What this task involves: What you return should be only the lines starting at the one that contains "Michigan postcard greeting card cards greetings from michigan" and running to the end of the listing, exactly as written, minus any pictures.

Supplied information:
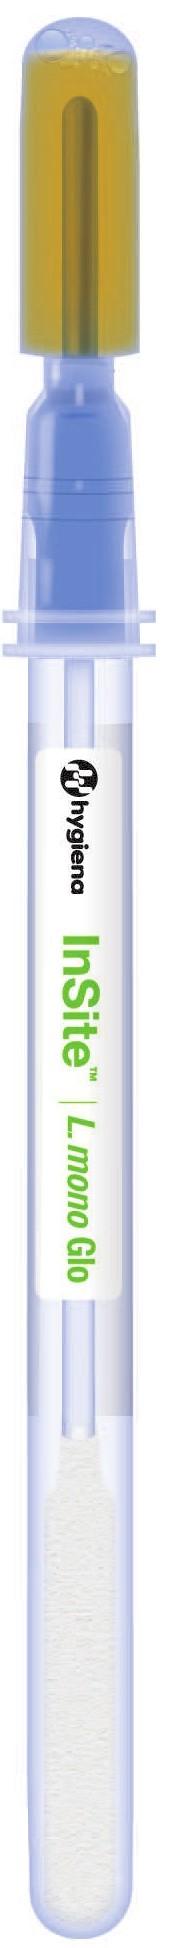 InSite Listeria mono Glo
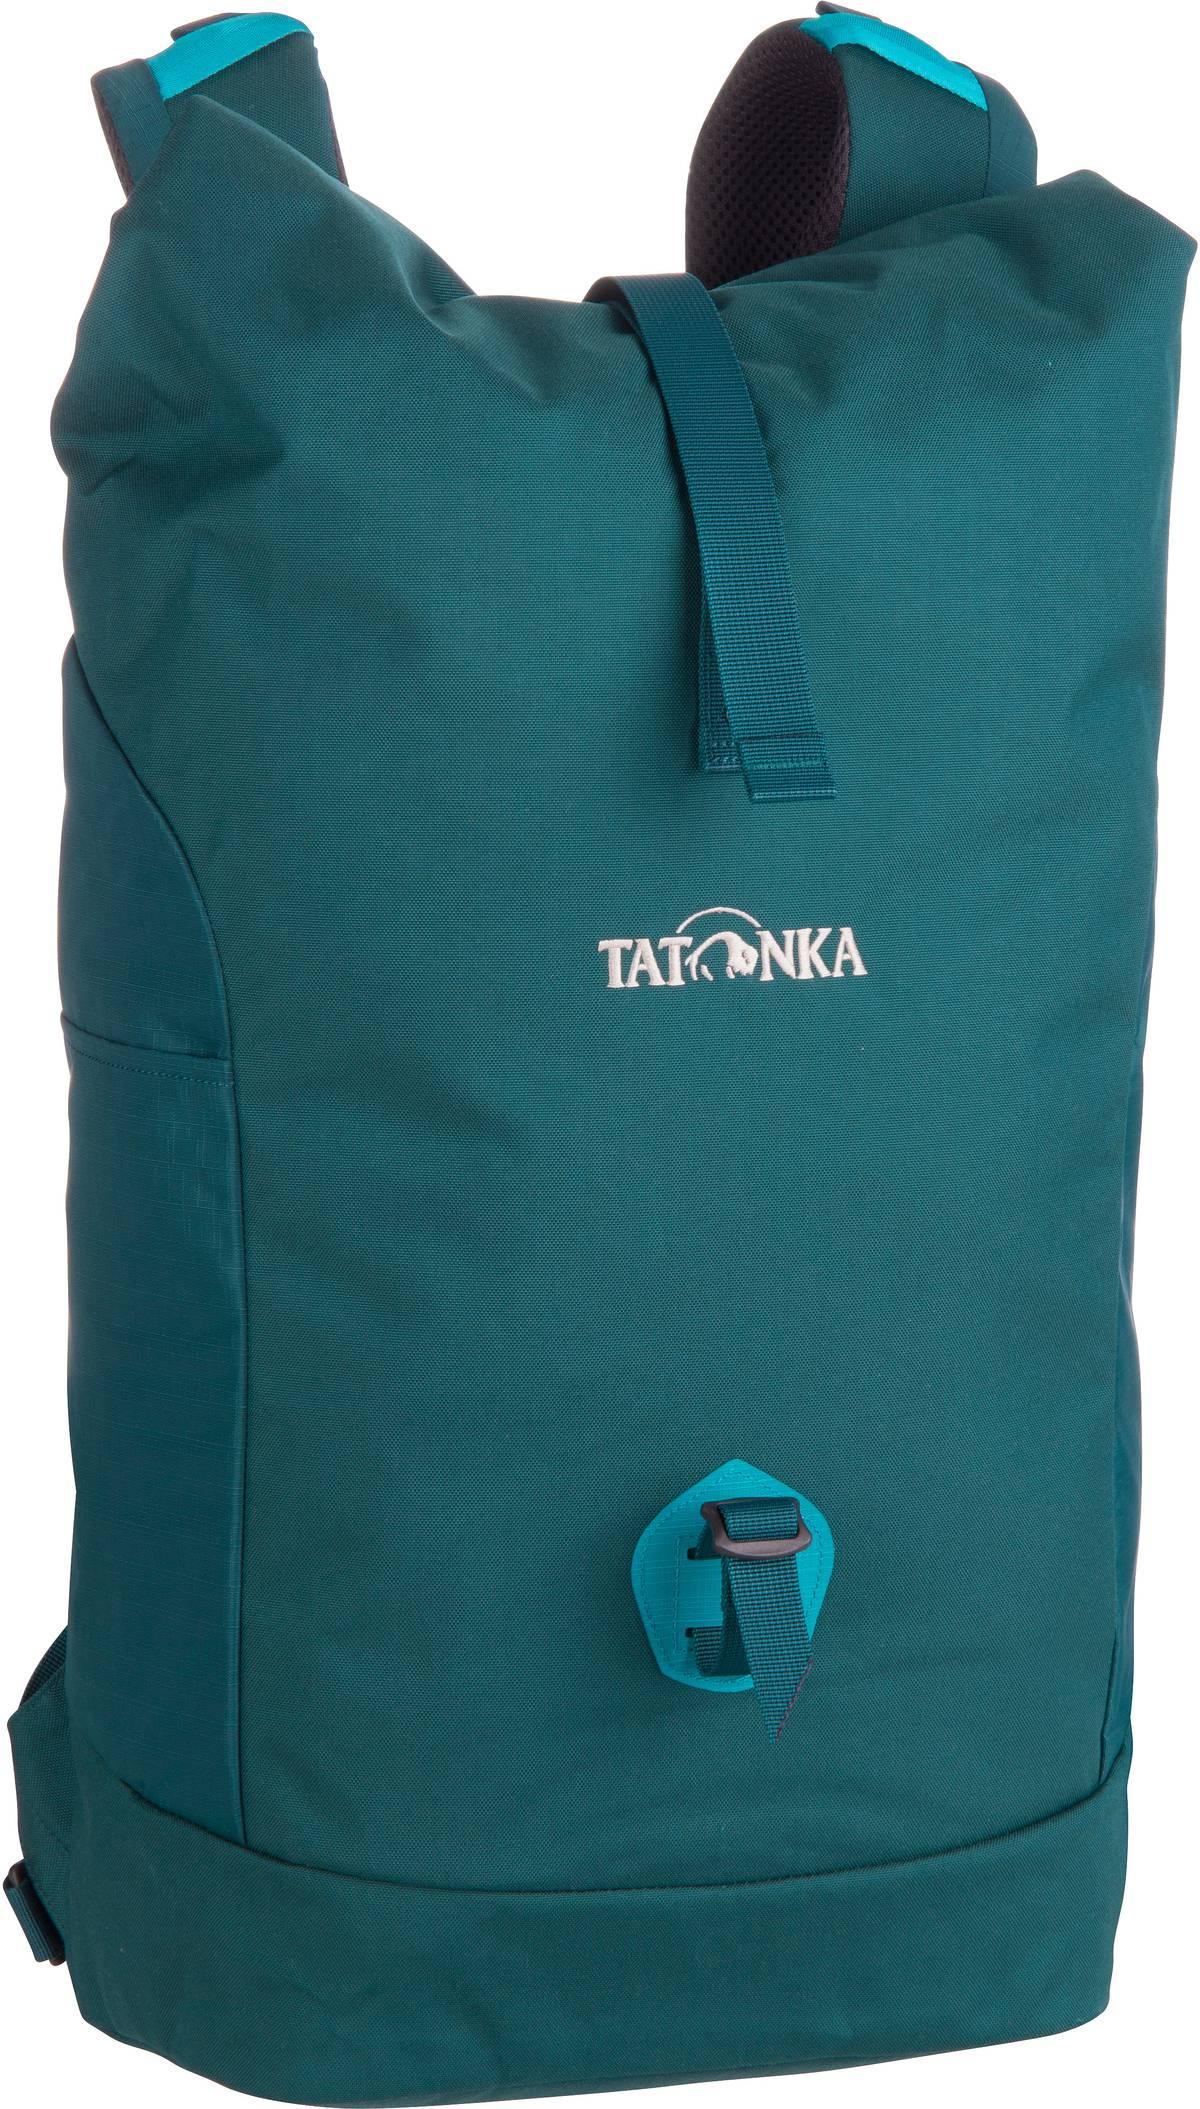 Rucksack / Daypack Grip Rolltop Pack S Teal Green (25 Liter)
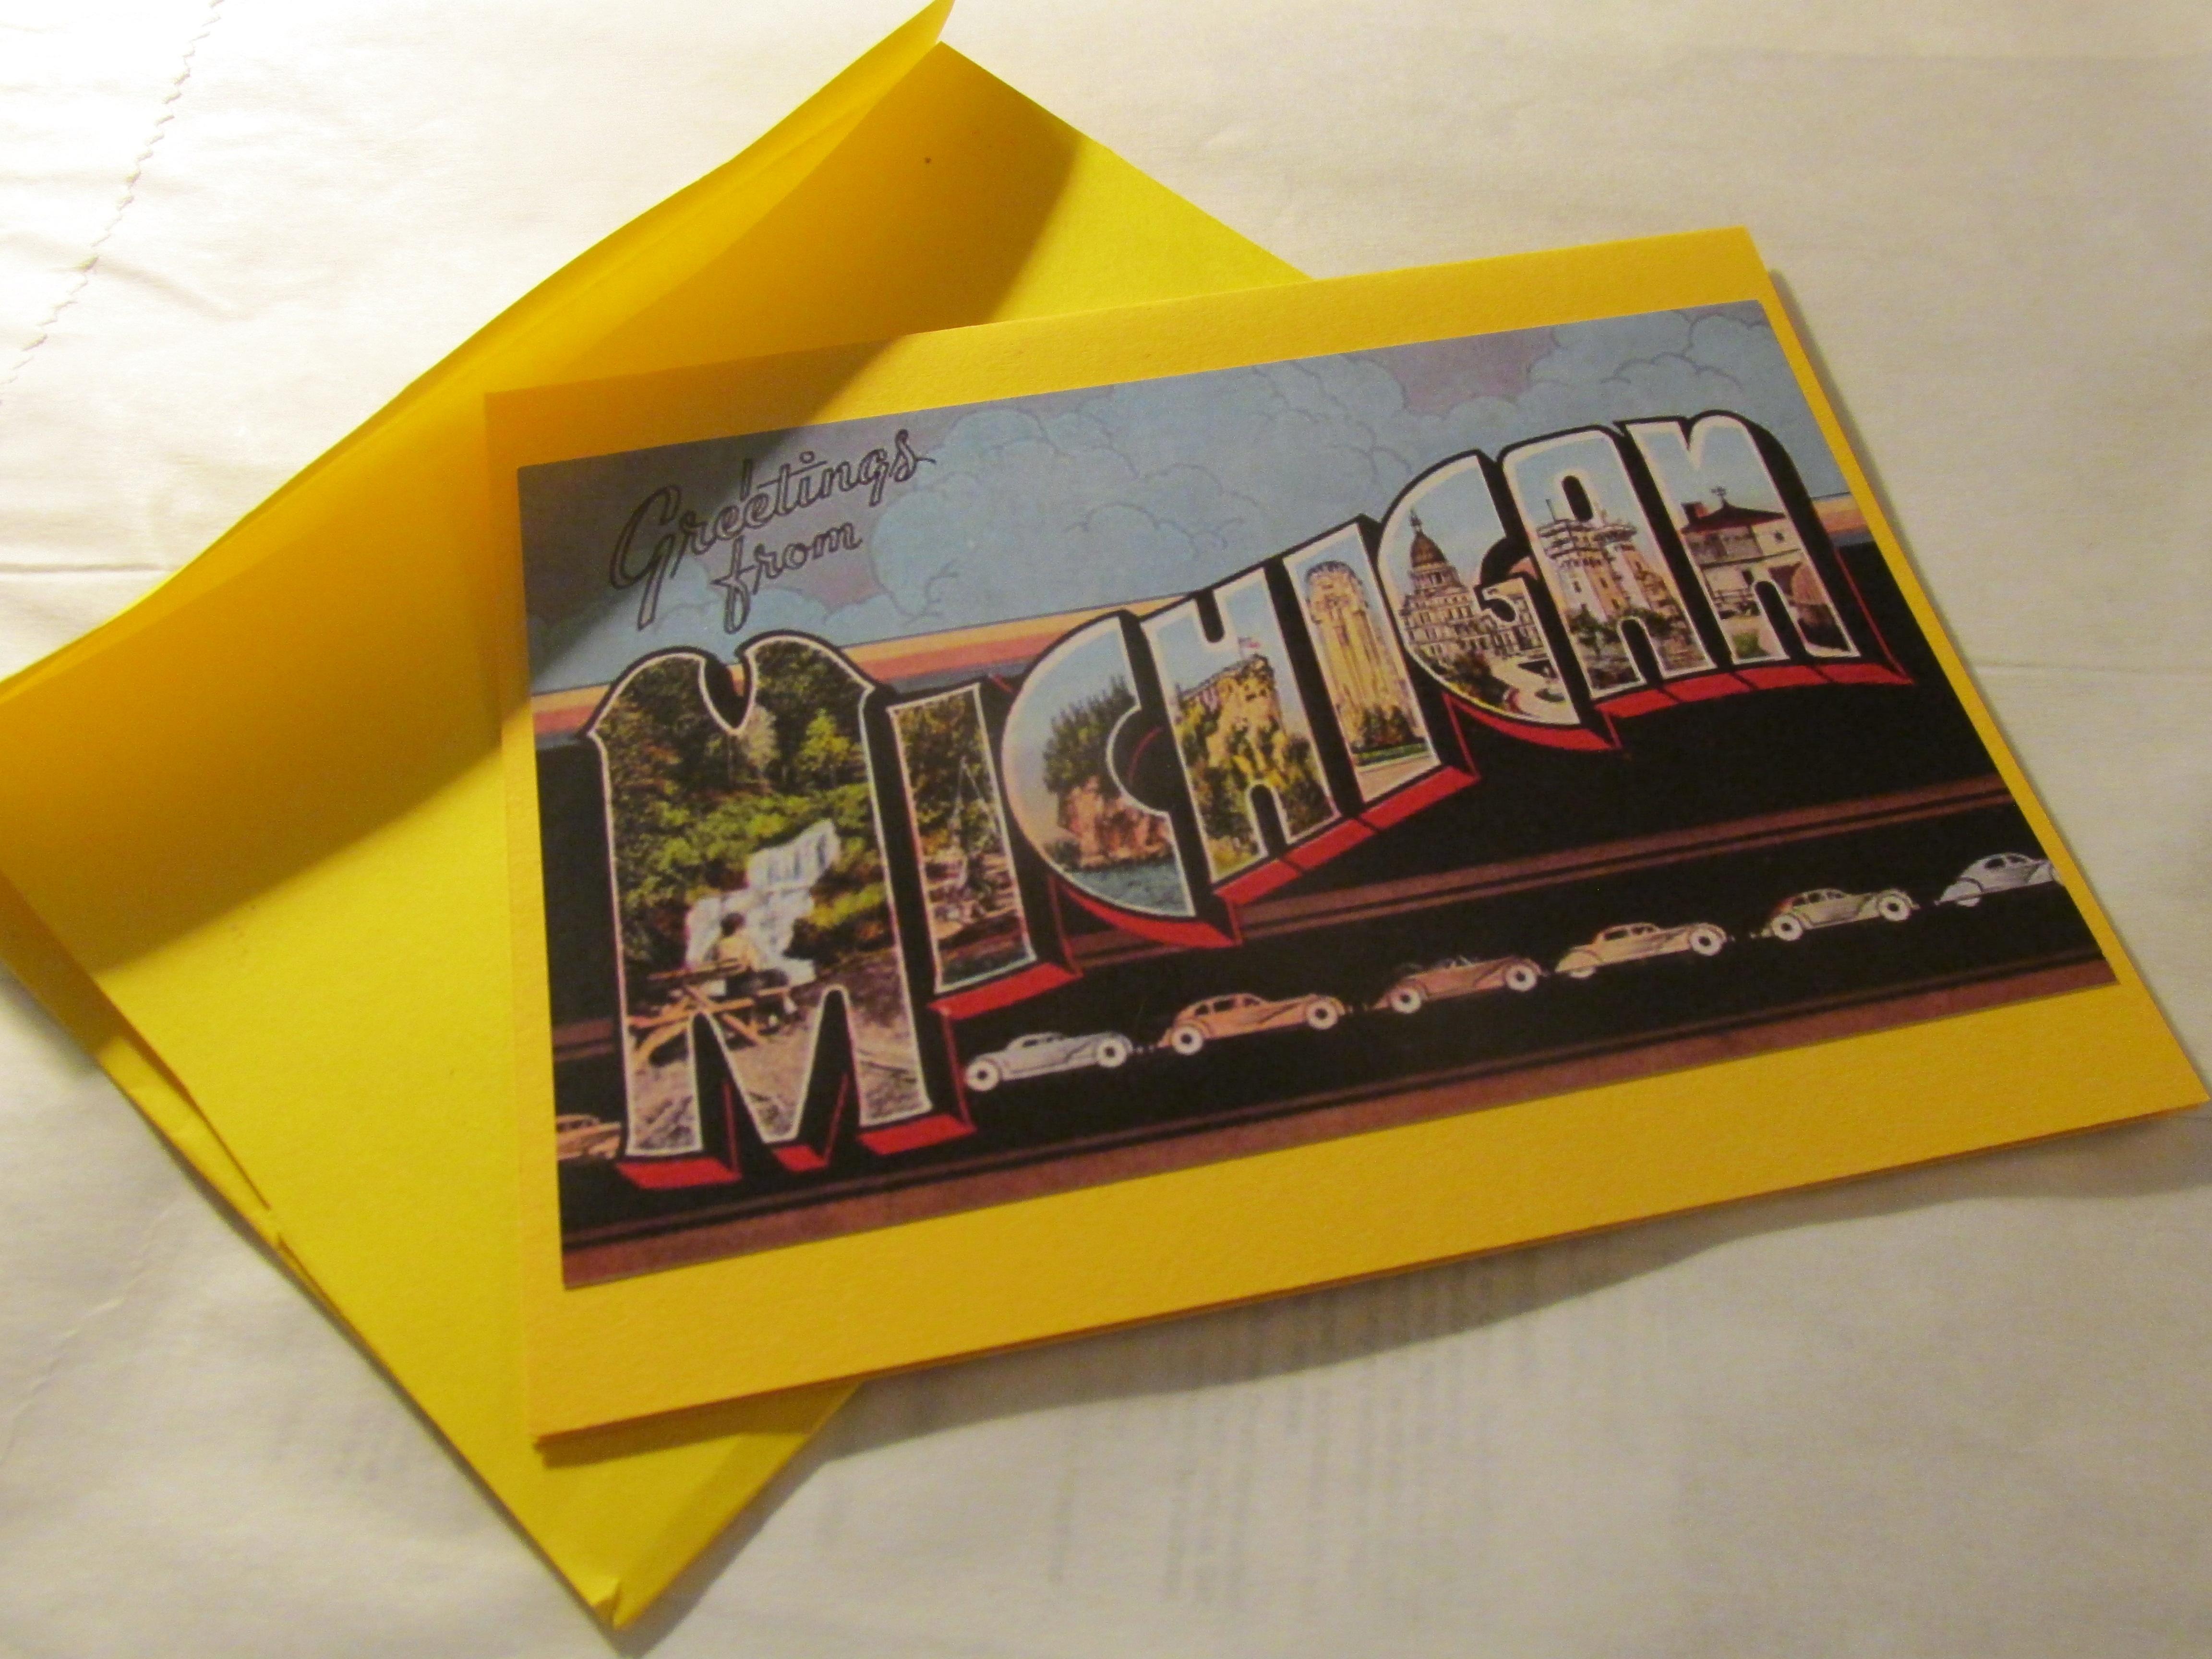 Michigan postcard greeting card cards greetings from michigan postcard greeting card cards greetings from michigan midwest craft connection m4hsunfo
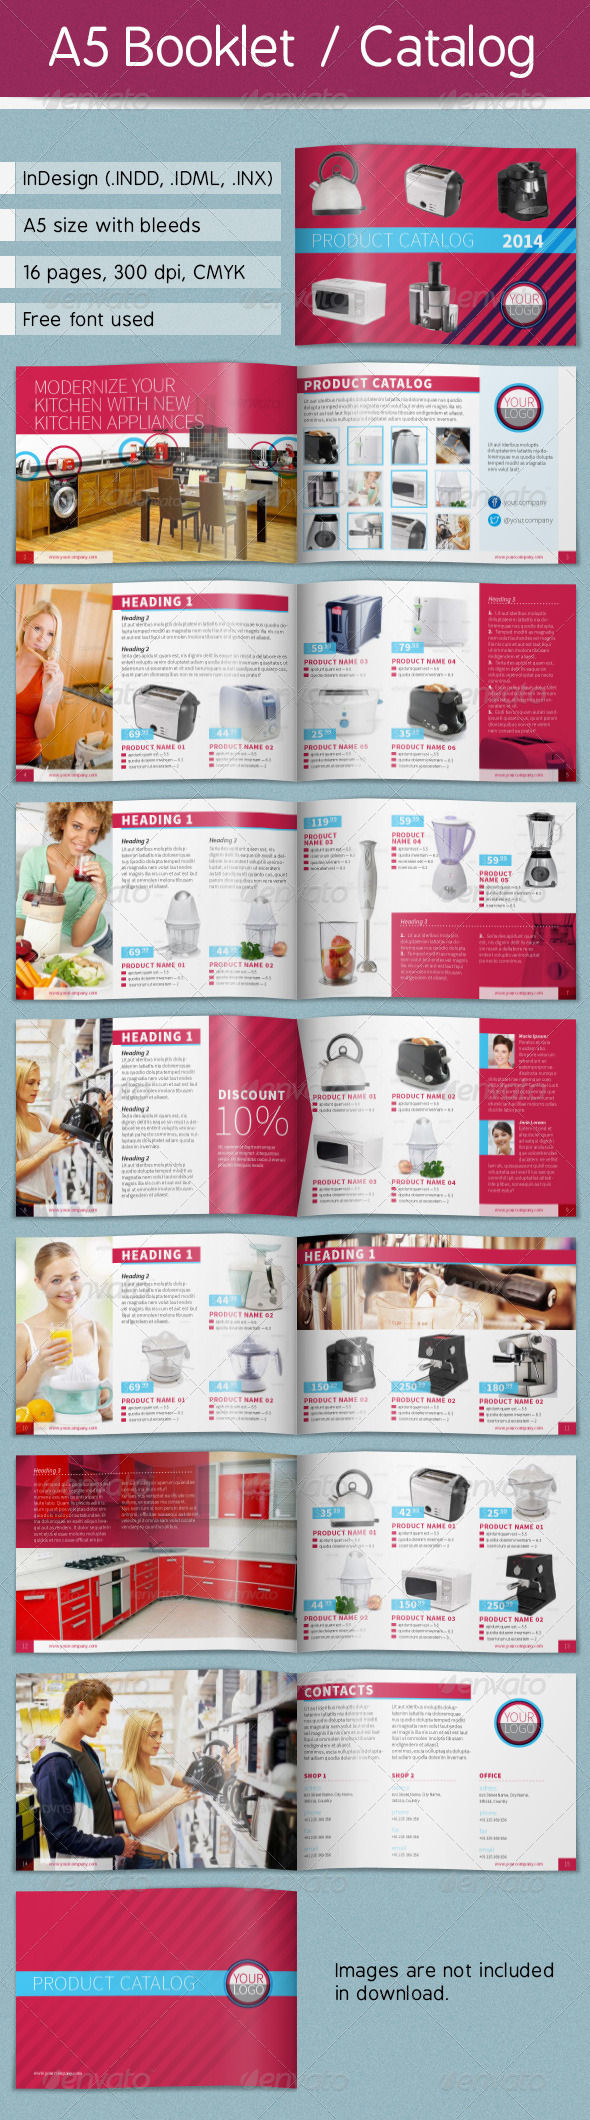 GraphicRiver A5 Booklet Catalog 4823612

Solution:
 Michigan postcard greeting card cards greetings from michigan postcard greeting card cards greetings from michigan midwest craft connection m4hsunfo
 GraphicRiver A5 Booklet Catalog 4823612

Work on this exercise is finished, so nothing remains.